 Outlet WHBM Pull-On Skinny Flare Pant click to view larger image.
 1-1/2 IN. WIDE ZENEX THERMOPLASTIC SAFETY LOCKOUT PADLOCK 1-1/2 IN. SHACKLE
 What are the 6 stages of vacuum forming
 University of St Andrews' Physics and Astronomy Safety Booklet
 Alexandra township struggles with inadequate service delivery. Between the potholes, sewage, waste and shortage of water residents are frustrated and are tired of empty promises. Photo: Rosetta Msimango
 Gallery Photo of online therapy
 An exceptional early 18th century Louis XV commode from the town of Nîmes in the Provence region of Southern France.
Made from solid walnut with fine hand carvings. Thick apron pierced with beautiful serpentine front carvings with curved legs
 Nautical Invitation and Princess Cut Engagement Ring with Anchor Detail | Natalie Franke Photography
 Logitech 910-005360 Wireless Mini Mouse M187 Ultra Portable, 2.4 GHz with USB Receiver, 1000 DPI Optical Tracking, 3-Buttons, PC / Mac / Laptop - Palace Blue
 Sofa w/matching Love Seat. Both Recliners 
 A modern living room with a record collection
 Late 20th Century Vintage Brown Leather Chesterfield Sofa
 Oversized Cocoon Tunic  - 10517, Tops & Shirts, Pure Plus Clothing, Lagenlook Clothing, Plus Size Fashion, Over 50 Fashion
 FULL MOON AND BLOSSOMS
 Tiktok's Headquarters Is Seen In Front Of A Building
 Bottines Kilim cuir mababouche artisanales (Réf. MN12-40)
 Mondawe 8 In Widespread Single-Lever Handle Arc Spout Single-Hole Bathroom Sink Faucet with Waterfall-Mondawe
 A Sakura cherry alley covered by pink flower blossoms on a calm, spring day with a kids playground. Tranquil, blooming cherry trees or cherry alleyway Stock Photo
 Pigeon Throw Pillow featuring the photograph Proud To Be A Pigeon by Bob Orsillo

## What the exercise asks
Would you copy out exactly the lines above that start at the one containing "University of St" and end at the one containing "Gallery Photo of online therapy", inclusive?

## Exercise response
 University of St Andrews' Physics and Astronomy Safety Booklet
 Alexandra township struggles with inadequate service delivery. Between the potholes, sewage, waste and shortage of water residents are frustrated and are tired of empty promises. Photo: Rosetta Msimango
 Gallery Photo of online therapy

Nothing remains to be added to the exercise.